[Data excerpt]

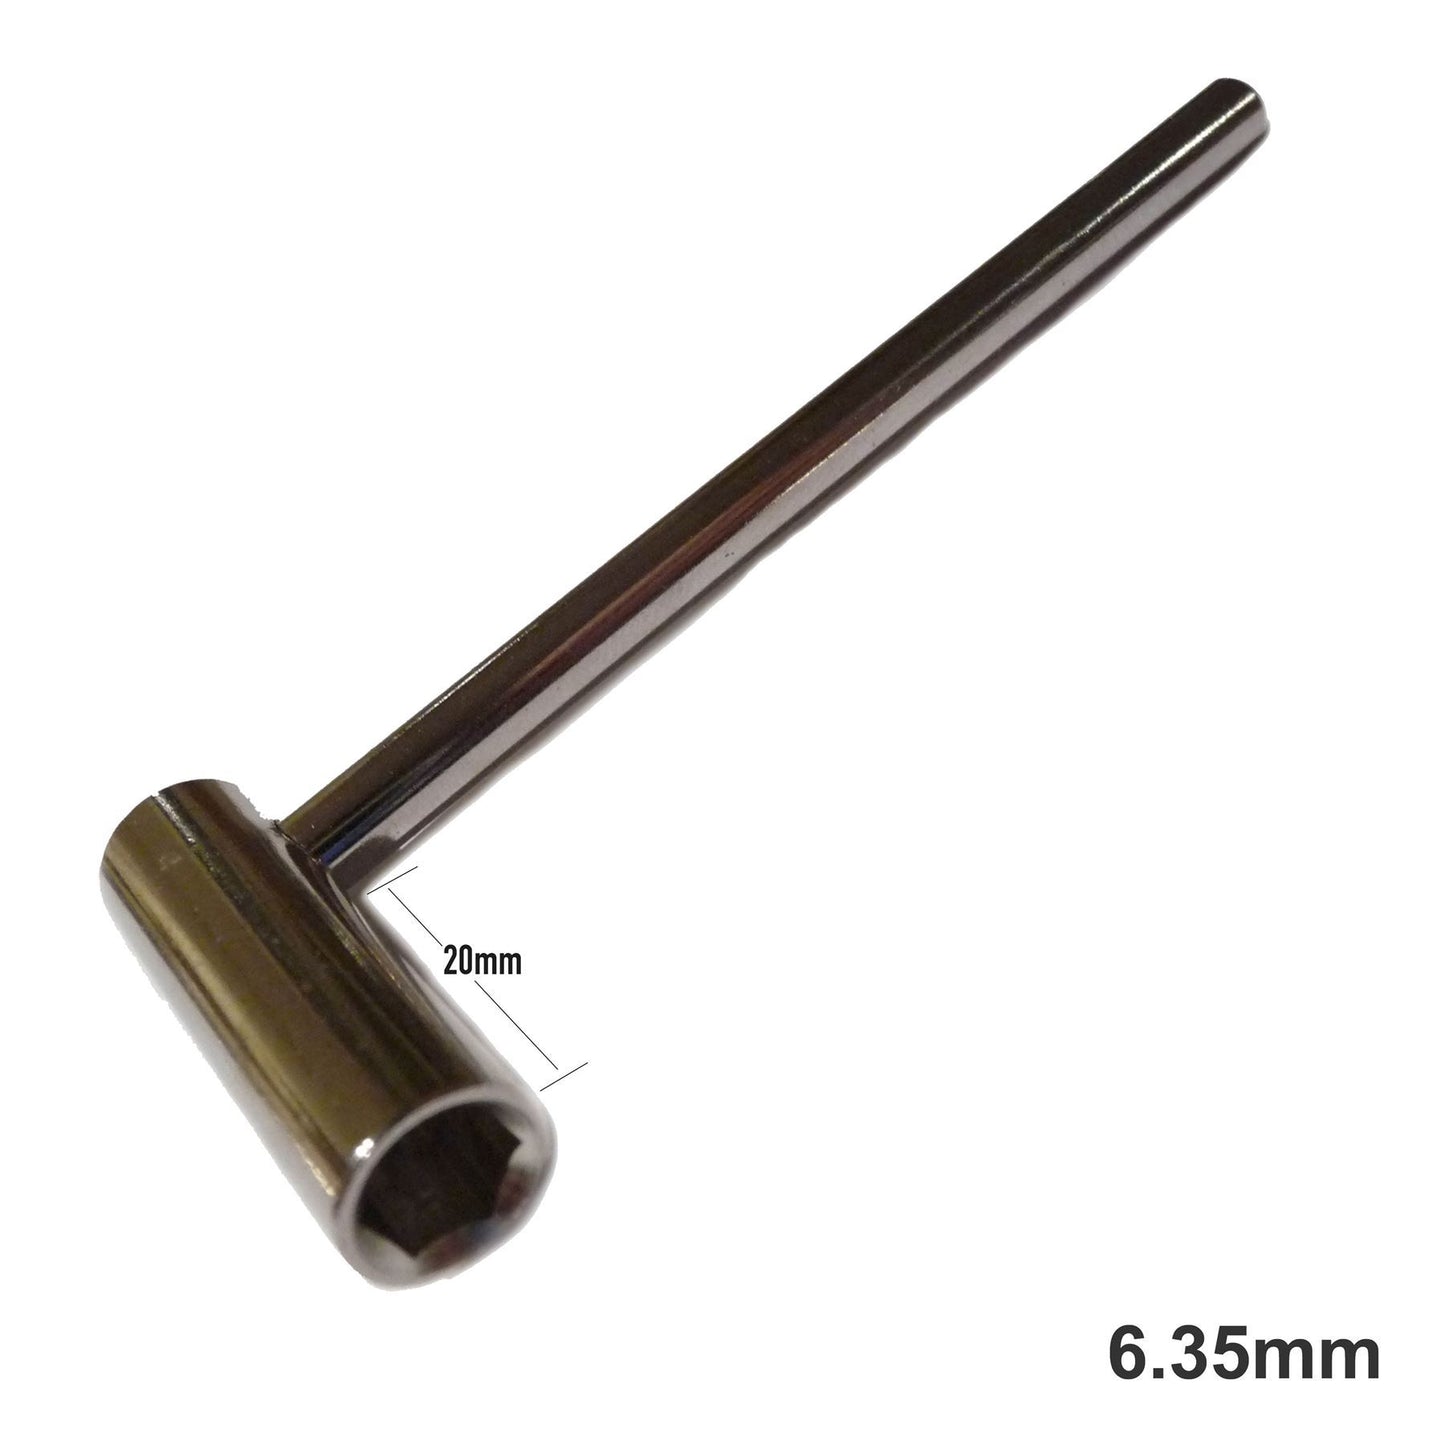 Guitar Truss Rod Hex Wrench / Luthier Tool For Gibson Epiphone etc - 6.35mm (1/4")
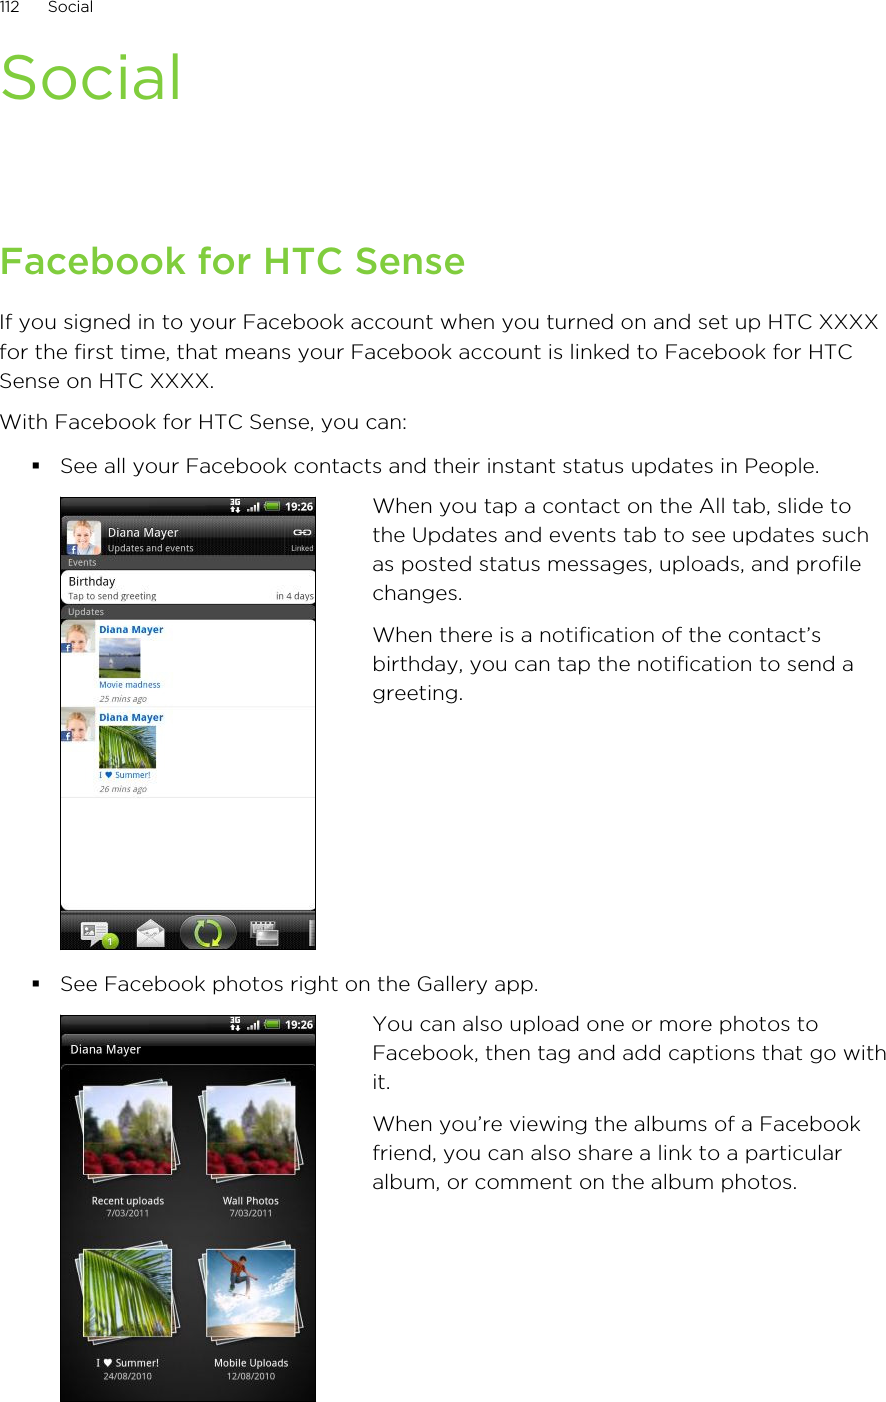 SocialFacebook for HTC SenseIf you signed in to your Facebook account when you turned on and set up HTC XXXXfor the first time, that means your Facebook account is linked to Facebook for HTCSense on HTC XXXX.With Facebook for HTC Sense, you can:§See all your Facebook contacts and their instant status updates in People.When you tap a contact on the All tab, slide tothe Updates and events tab to see updates suchas posted status messages, uploads, and profilechanges.When there is a notification of the contact’sbirthday, you can tap the notification to send agreeting.§See Facebook photos right on the Gallery app.You can also upload one or more photos toFacebook, then tag and add captions that go withit.When you’re viewing the albums of a Facebookfriend, you can also share a link to a particularalbum, or comment on the album photos.112 Social
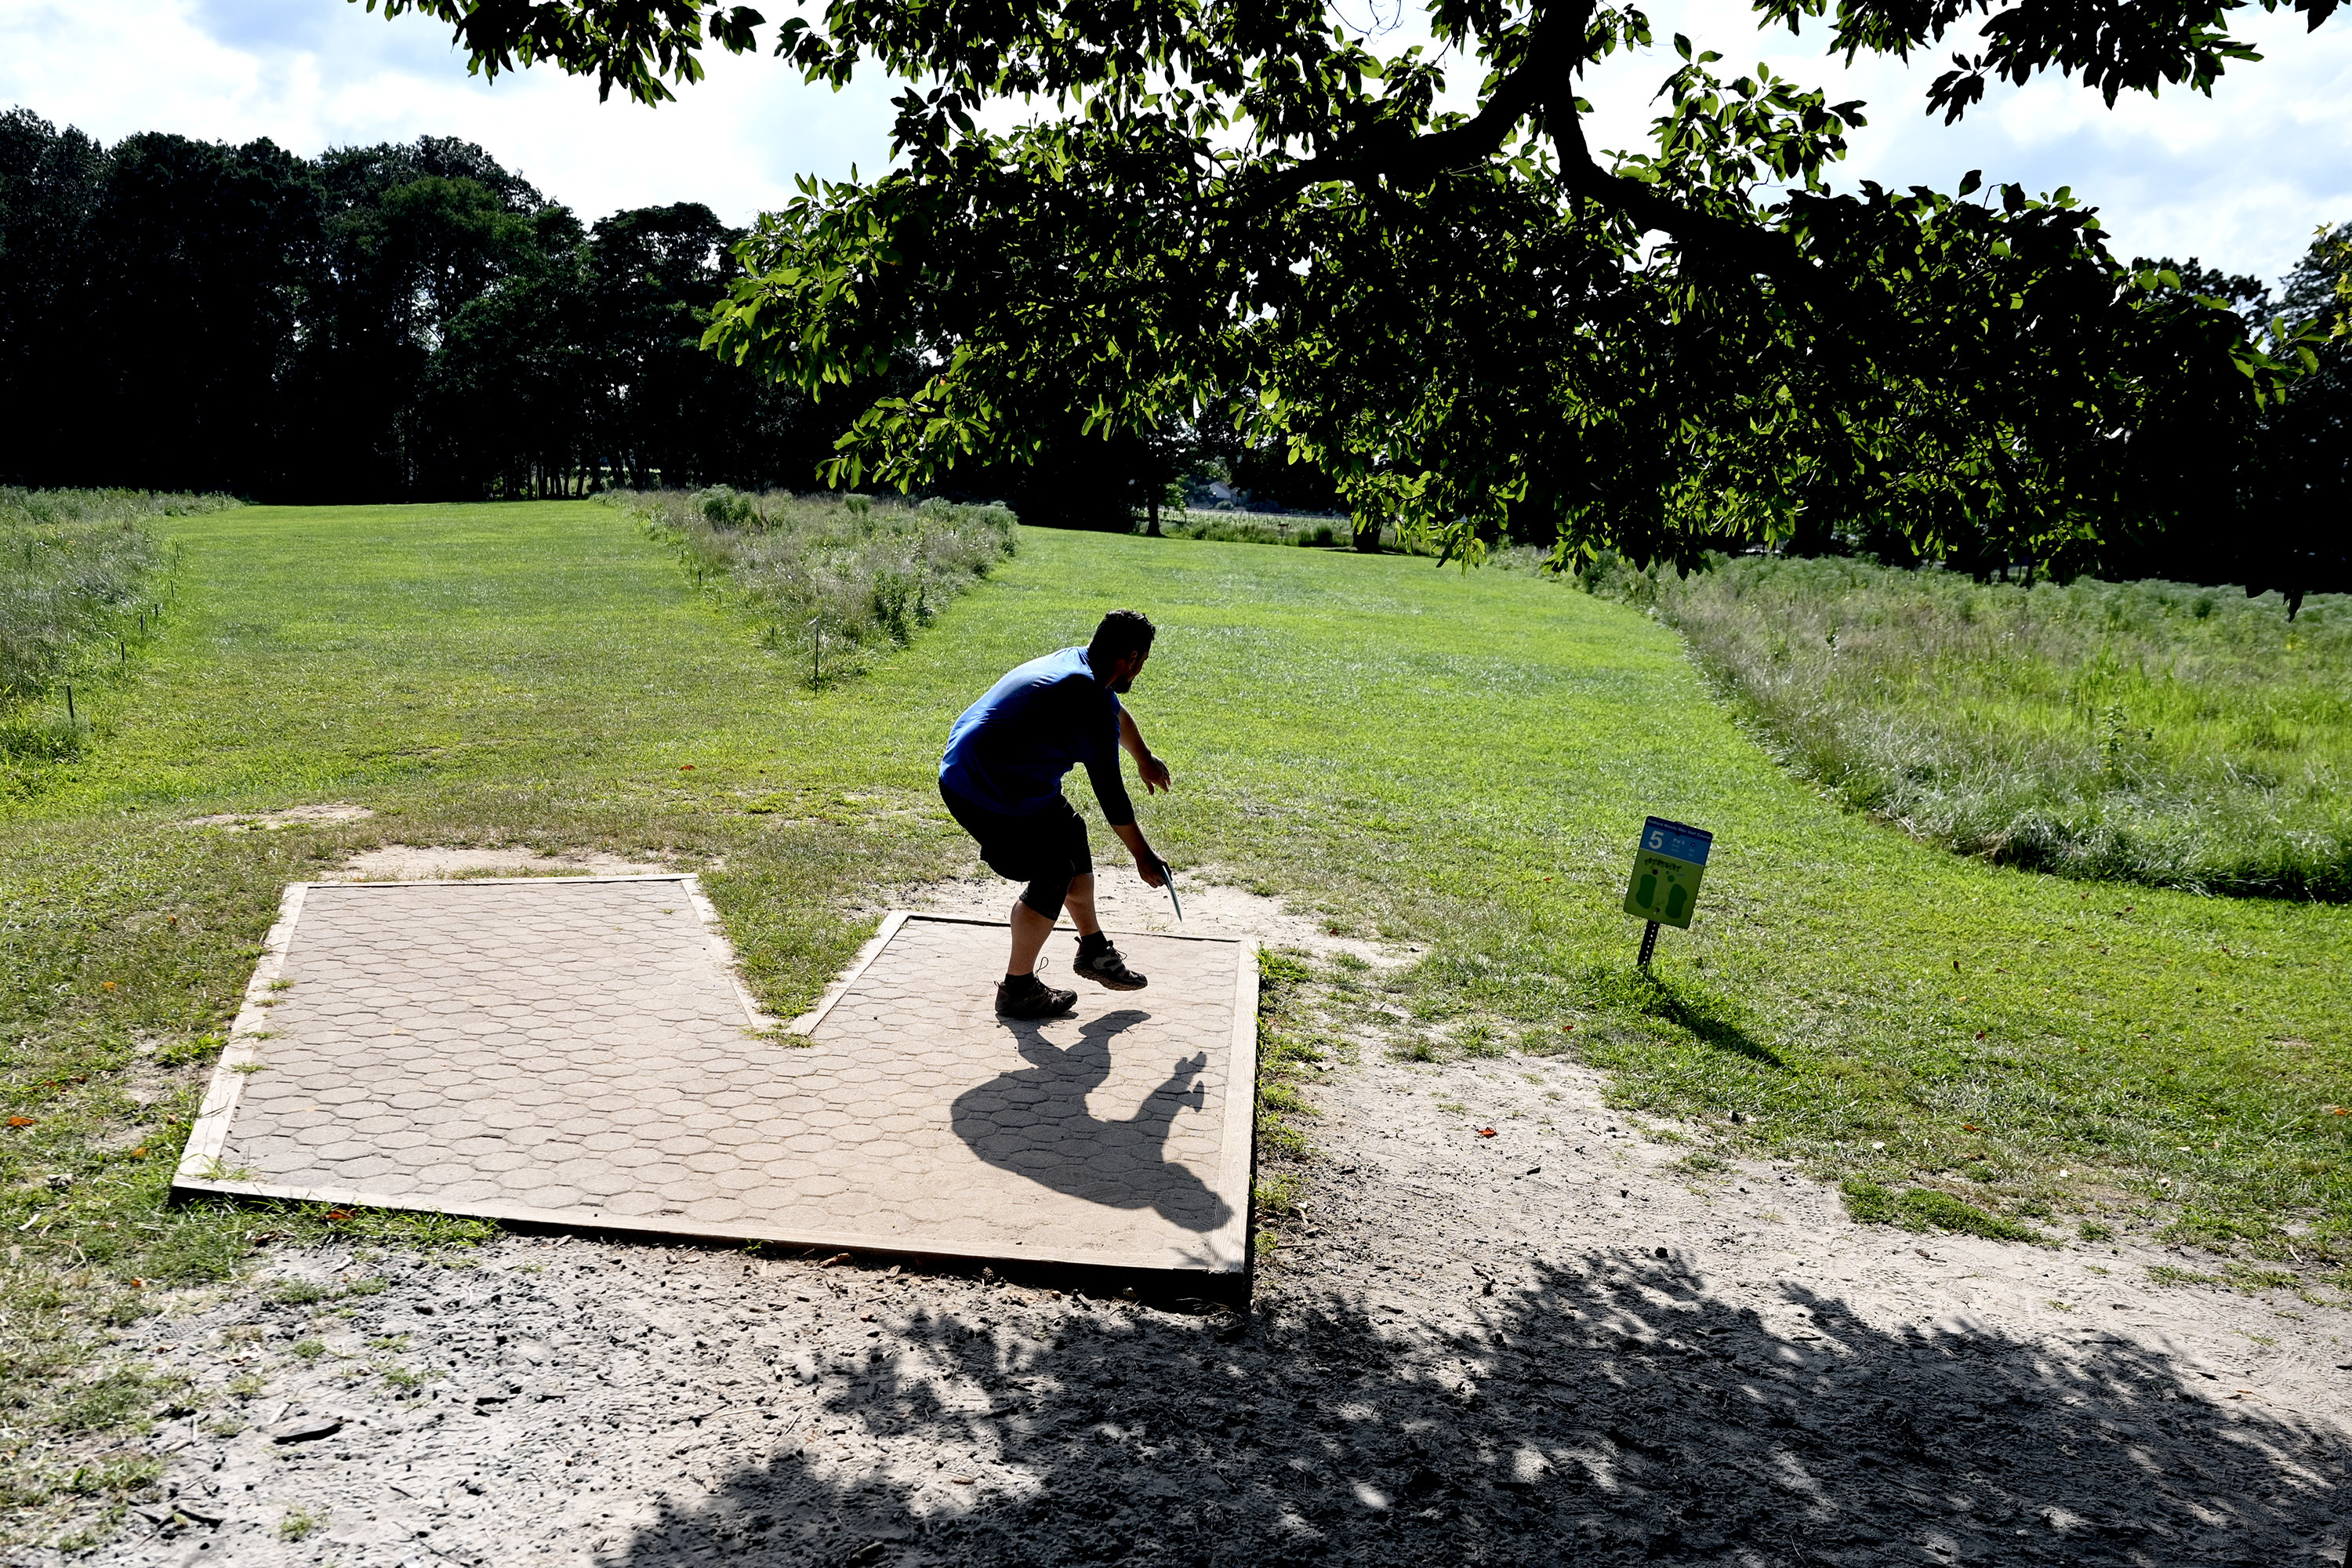 Could Your Community Use a Disc Golf Course?

[/Data excerpt]

Exercise ▸ With the pictures set aside, copy each line above as written.

Worked solution ▸
 Guitar Truss Rod Hex Wrench / Luthier Tool For Gibson Epiphone etc - 6.35mm (1/4")
 SocialFacebook for HTC SenseIf you signed in to your Facebook account when you turned on and set up HTC XXXXfor the first time, that means your Facebook account is linked to Facebook for HTCSense on HTC XXXX.With Facebook for HTC Sense, you can:§See all your Facebook contacts and their instant status updates in People.When you tap a contact on the All tab, slide tothe Updates and events tab to see updates suchas posted status messages, uploads, and profilechanges.When there is a notification of the contact’sbirthday, you can tap the notification to send agreeting.§See Facebook photos right on the Gallery app.You can also upload one or more photos toFacebook, then tag and add captions that go withit.When you’re viewing the albums of a Facebookfriend, you can also share a link to a particularalbum, or comment on the album photos.112 Social
 Could Your Community Use a Disc Golf Course?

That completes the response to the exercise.